Shallow relationships offer only shallow value. Most commonly, people seek out shallow relationships for a baseline level of comfort. This means that they have such little self-mastery that the predictability of idle chatter and distraction is preferable to the clashing voices in their own psyche. Watching movies, getting buzzed, or ogling at sports with so-and-so is actually better than having to sit too long in one’s own head.
We have to understand that this is a statement of fact: it is actually better but only in the short run.
To come out of a shallow relationship, we have to understand what it is that we get from that person and then internalize it for ourselves. This introduces difficulty into the relationship because the relationship has been based in low level stuff. The relationship becomes challenged to go to a deeper place. People tend to feel discarded and abandoned when they bump up against the realization that all they have served to another person has been to be some kind of comfort blanket. It is easier to feel betrayed by the deepening person and remain small than it is to self-examine and start to point out to oneself who formed and limited one into being a shallow person.

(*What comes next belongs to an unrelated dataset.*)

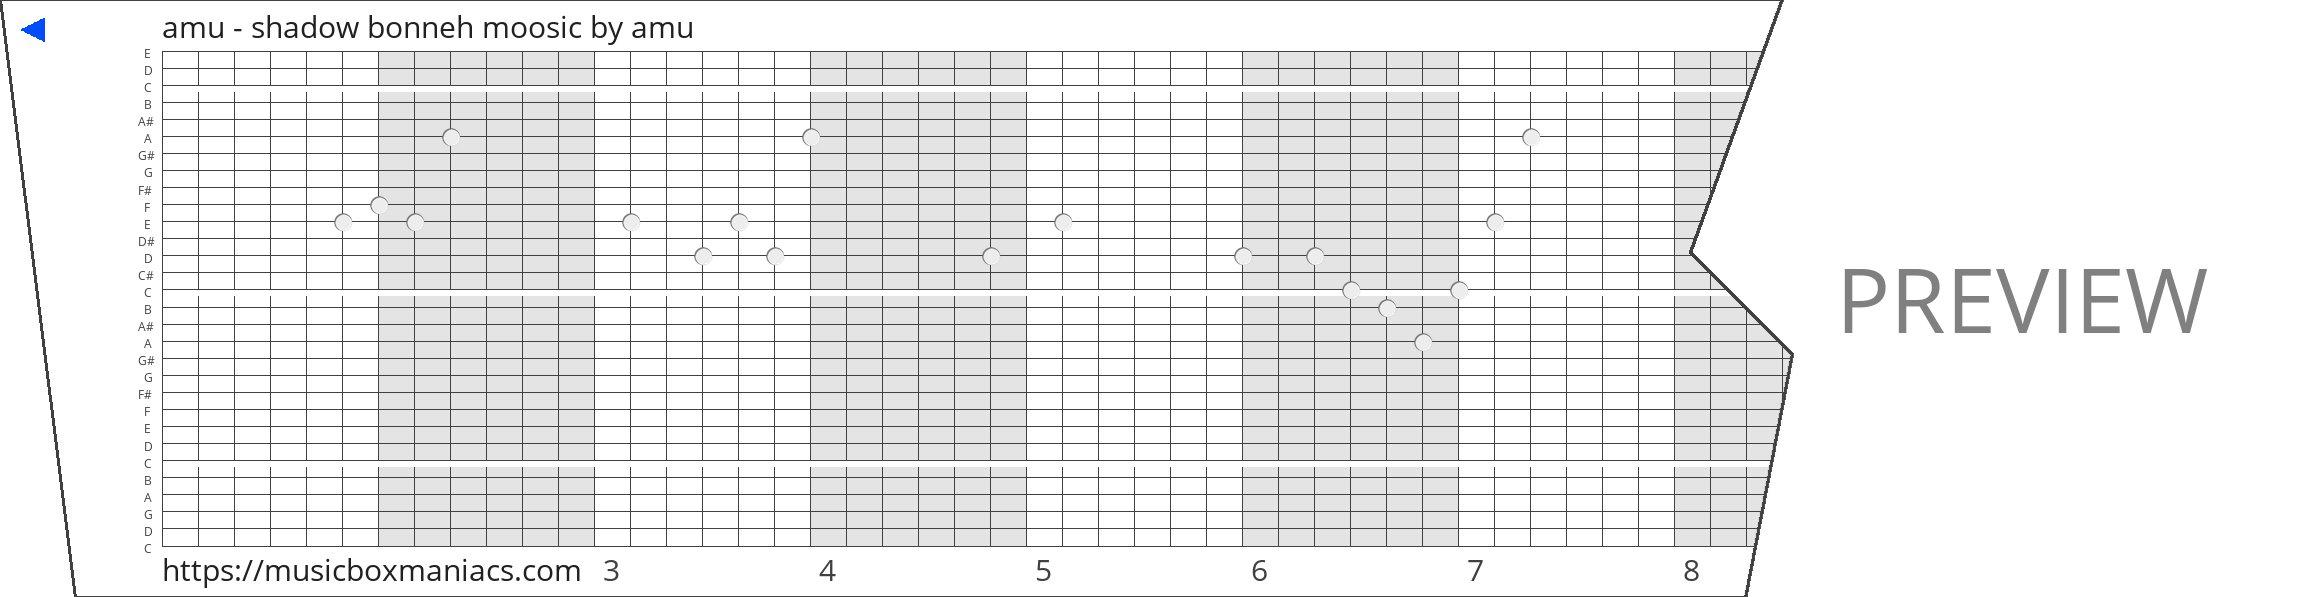 amu - shadow bonneh moosic 30 note music box paper strip

Shallow fun, in contrast with shallow relationships, is most certainly a part of life but it is a long-term reward merited to people who are close to fully expressed or who self-examined in order to become fully expressed. Some people are just born more fully expressed. Some lucky people are born to fully expressed parents and are saved a lot of the legwork.
There is an old saying that dissociation mimics enlightenment. You do a bunch of maturation and overcoming challenges in order to circle back around again to the fun stuff you enjoyed when you were out of your mind. The upside is that all of the degeneracy and self-harm are cut out. The downside is that it can be a lot of work and sometimes you go down dead end paths in your experimentation. That’s where having a mentor can be of lots of use.
Shallow relationships are based in mutual self-deception. “I will patch you up here and you patch me up there,” is the agreement. Such an arrangement allows for all manner of abuses, covert and overt. When we choose to become more real, hardly anybody will follow us because they’re invested in the codependent, the enabler we have long served as. This is a kind of social death that feels like getting kicked out of a tribe into the cold 1000 years ago. But the agony of arriving to middle age without having striven to become real is a far worse agony (many term it a “mid-life crisis”).
We can provide ourselves the social sustenance that shallow relationships do, if we will just talk to ourselves a bit. A bit of prayer and a bit of self-examination can go a long way.